He had gem mines in the Panamints and was in the habit of going off with his mule-team for months at a time. He even said that he would take us to the valley himself were he a younger man. We assured him that we would go with him gladly. We urged him—you had only to look into his eyes to trust him—promising to do all the work if he would furnish the wagon and be the guide, innocently unaware of the absurdity of such a proposal in the burning heat of Death Valley; but he only smiled gently, and said that he was too old.
Silver Lake turned out to be the place for us to go after all. He described how we could drive straight on from Joburg, a hundred and sixteen miles. There was a sort of a road all the way. He drew a map on the sand and said that we could not possibly miss it for a truck had come over six weeks before and we could follow its tracks.

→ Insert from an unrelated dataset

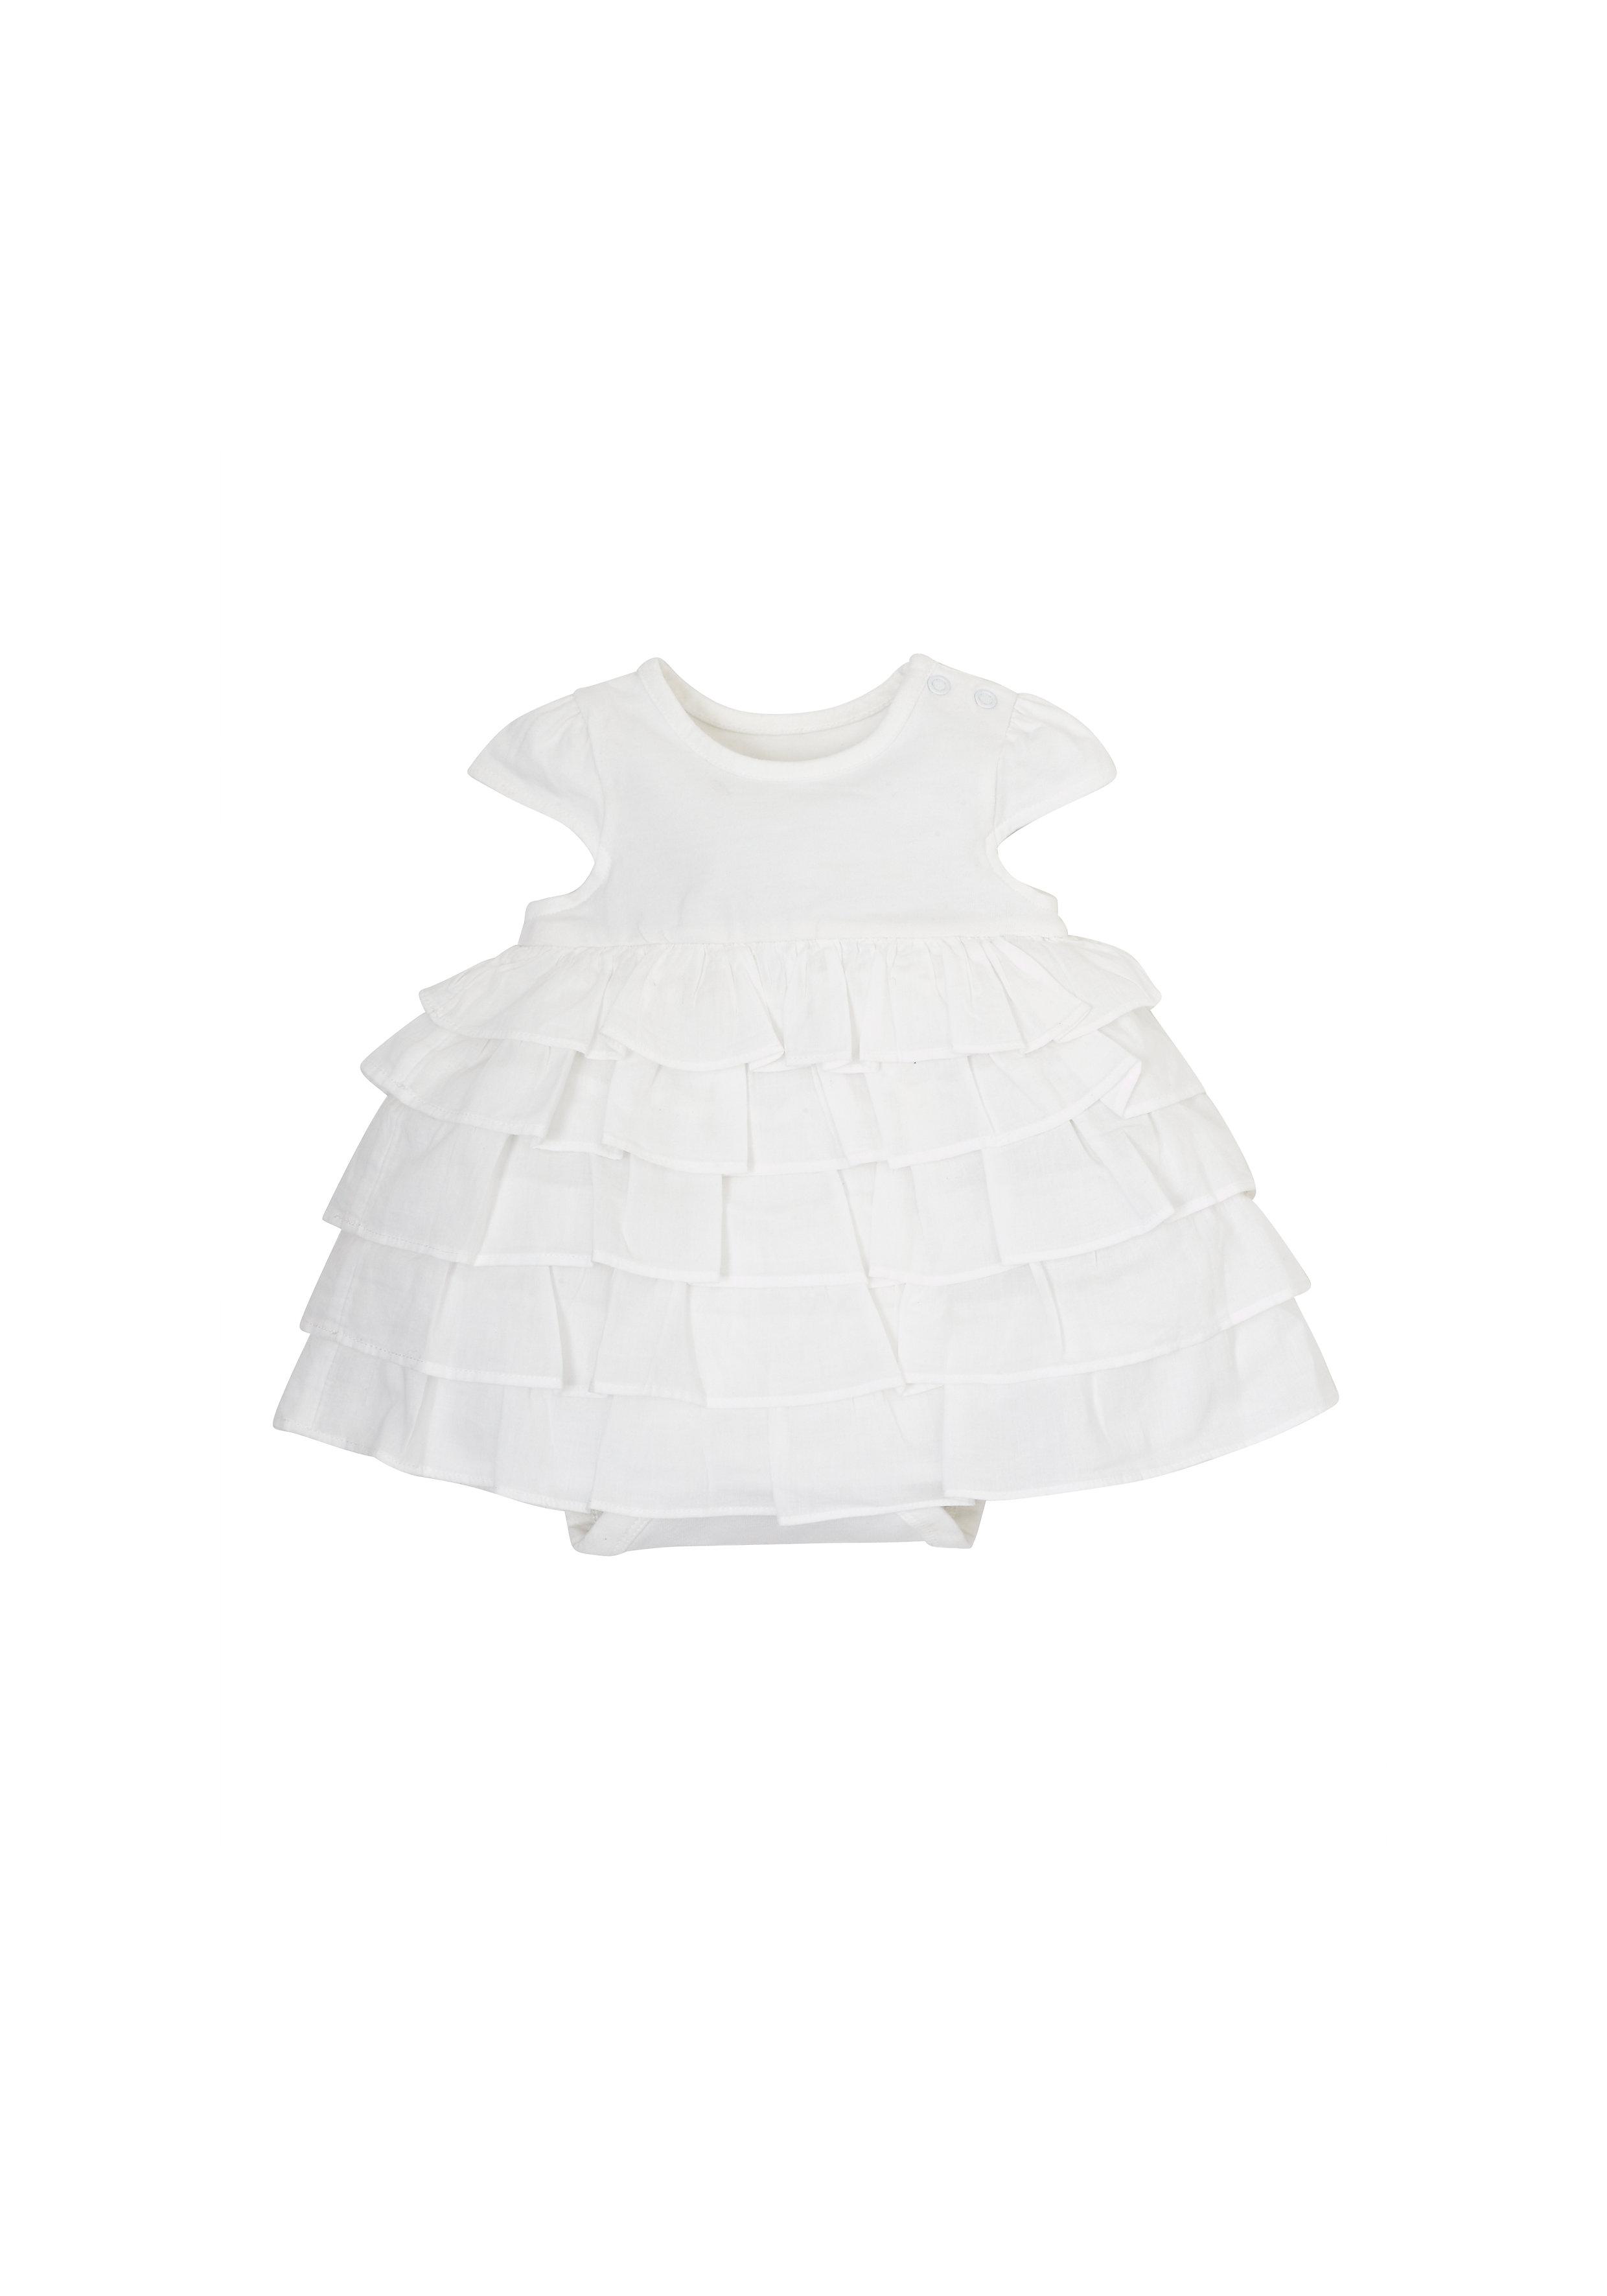 Mothercare | Girls Jersey Romper Dress - White
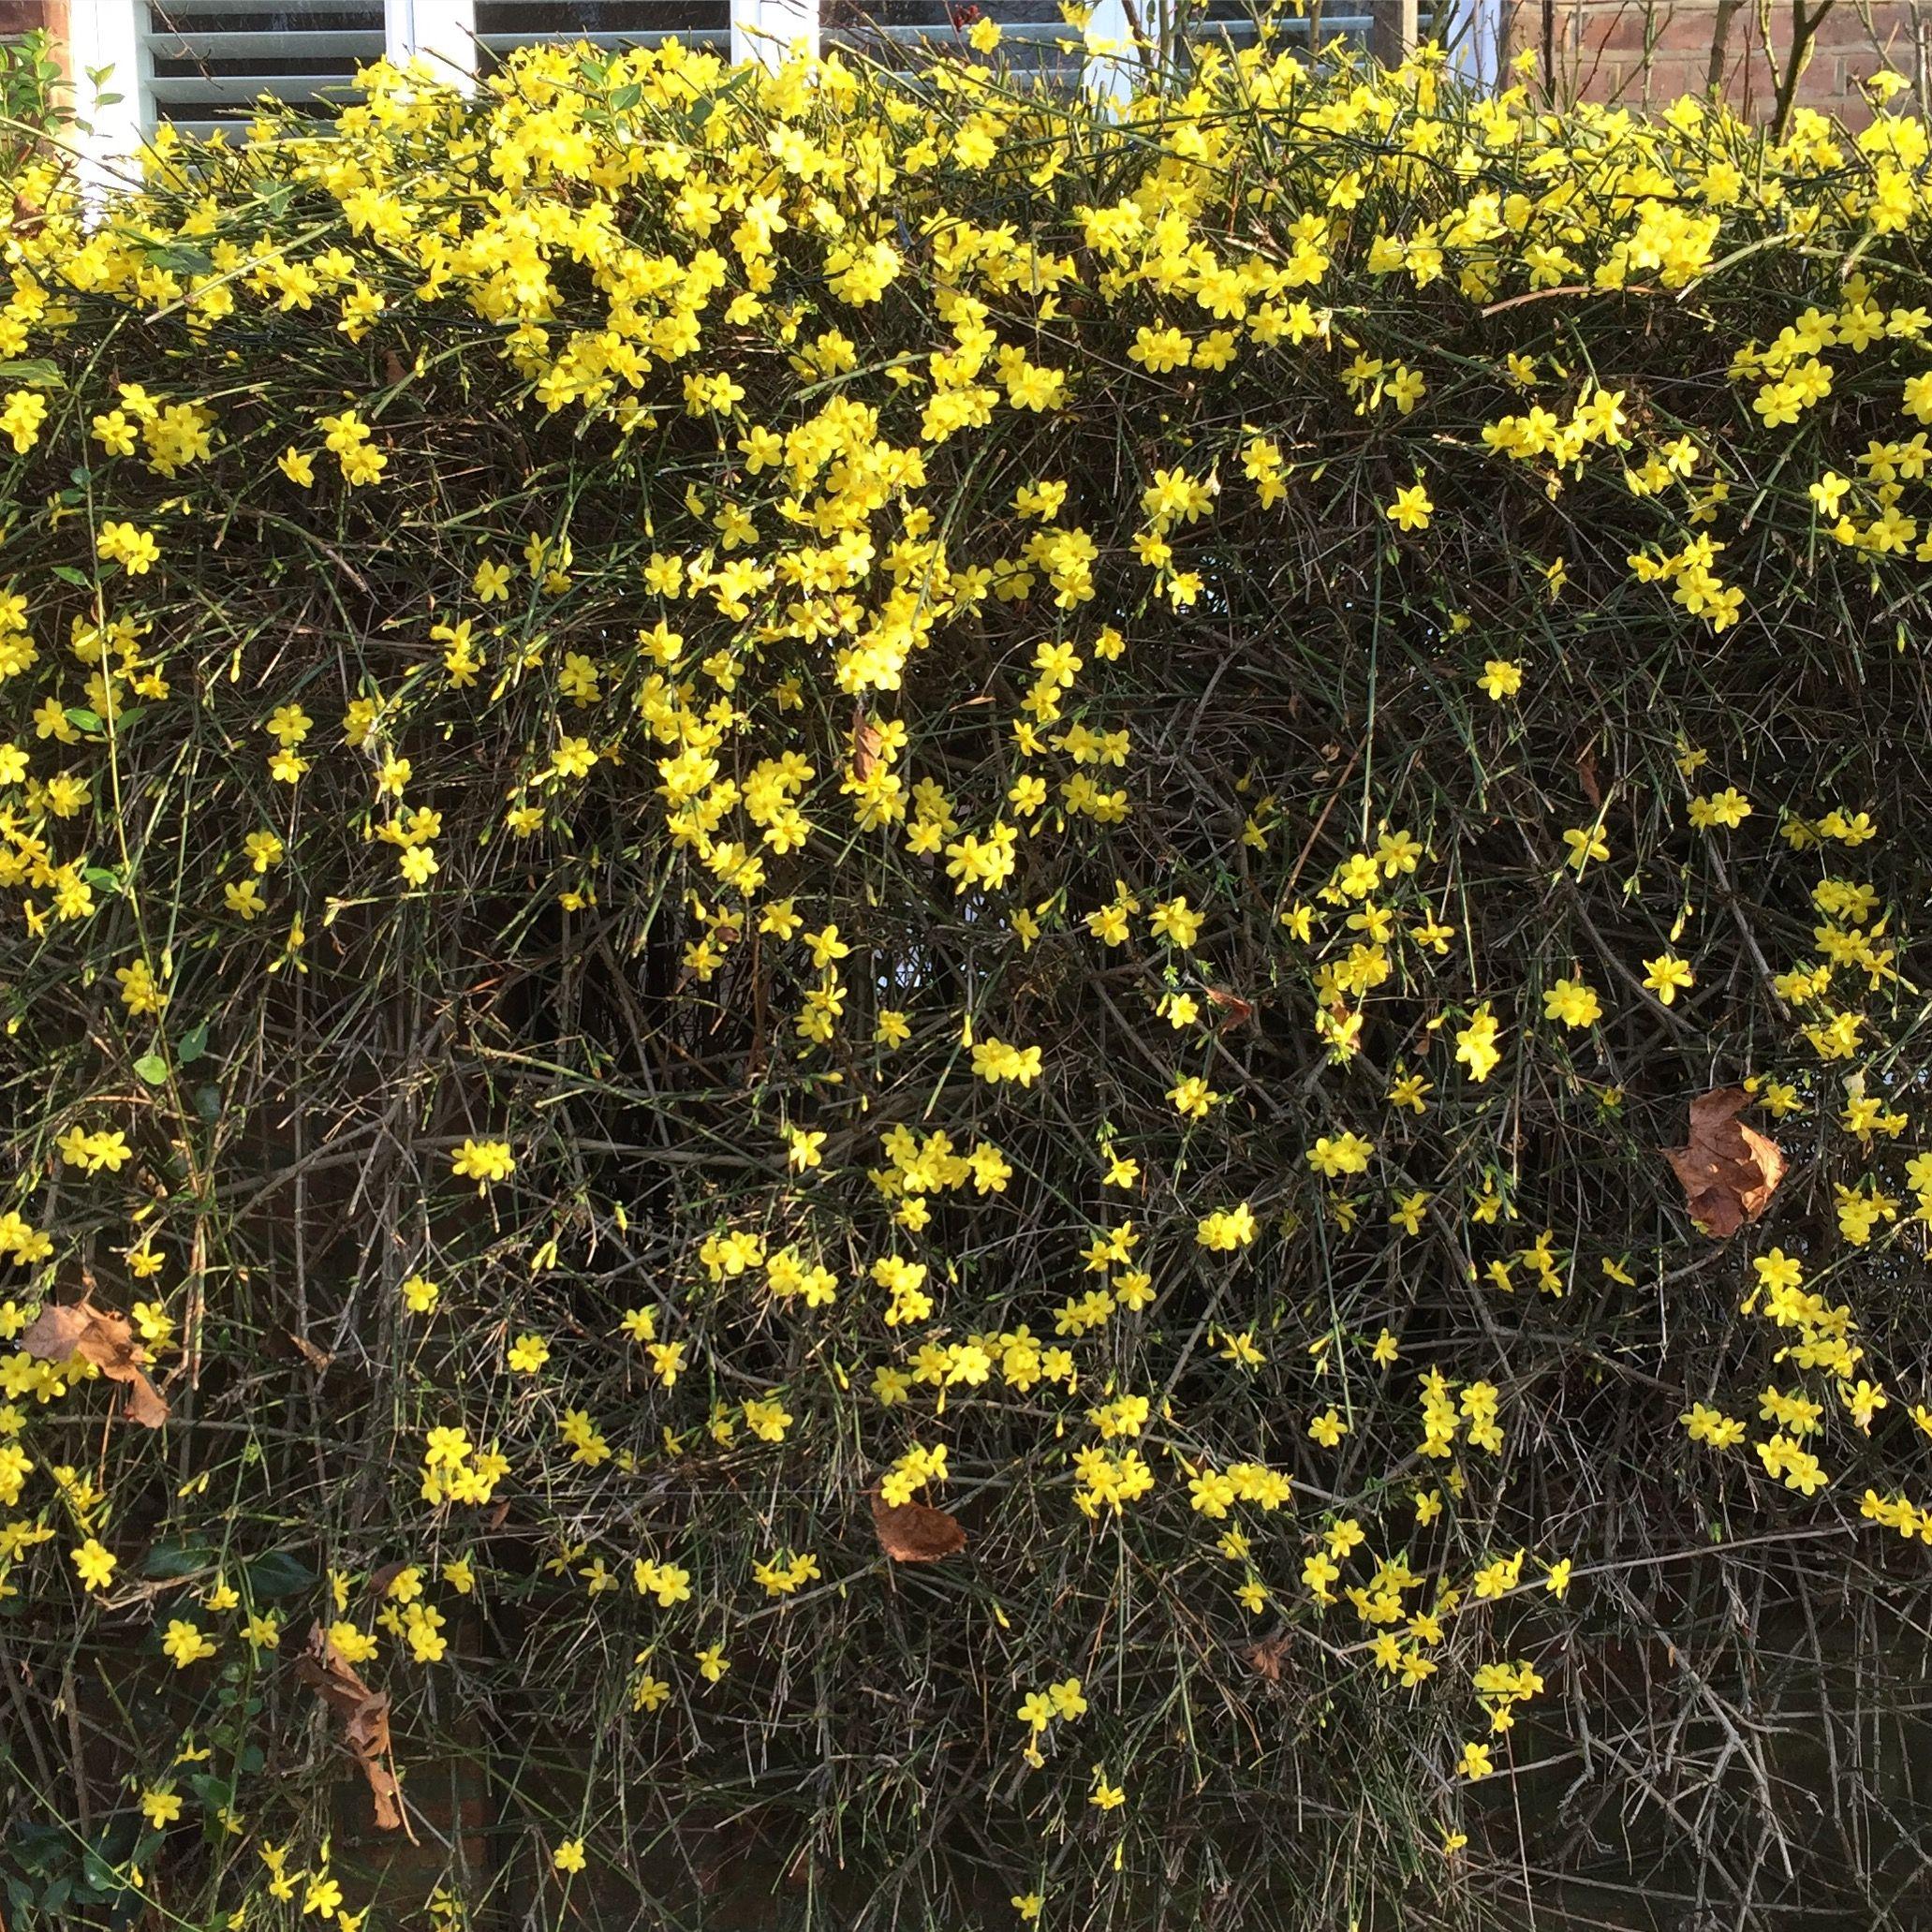 Winter jasmine jasminum nudiflorum lovely winter hedge hedges winter jasmine jasminum nudiflorum lovely winter hedge izmirmasajfo Image collections

"It ain't blowed much, or rained since," he remarked.
"But suppose we should get lost, what would we do?"
"Why should you get lost? Anyway, you could turn around and come back."
We looked at each other doubtfully. In the far-spreading silence around Joburg the idea of getting lost was more dreadful than it had been at Barstow. There was not even a ranch in the whole hundred and sixteen miles. We hesitated.
"You are well and strong, ain't you?" he asked. "You can take care of yourselves as well as anybody. Why can't you go?"
"You have lived in this country so long, Mr. Myrick," I tried to explain, "you do not understand how strange it is to a newcomer. How would we recognize those mountains you speak of when we do not even know how the desert-mountains look? How could we find the spring where you say we might camp when we have never seen one like it?"
"You can do it," he insisted, "that's how you learn."
"And there is the silence, Mr. Myrick," I went on, hating to have him scorn us for cowards, "and the big emptiness."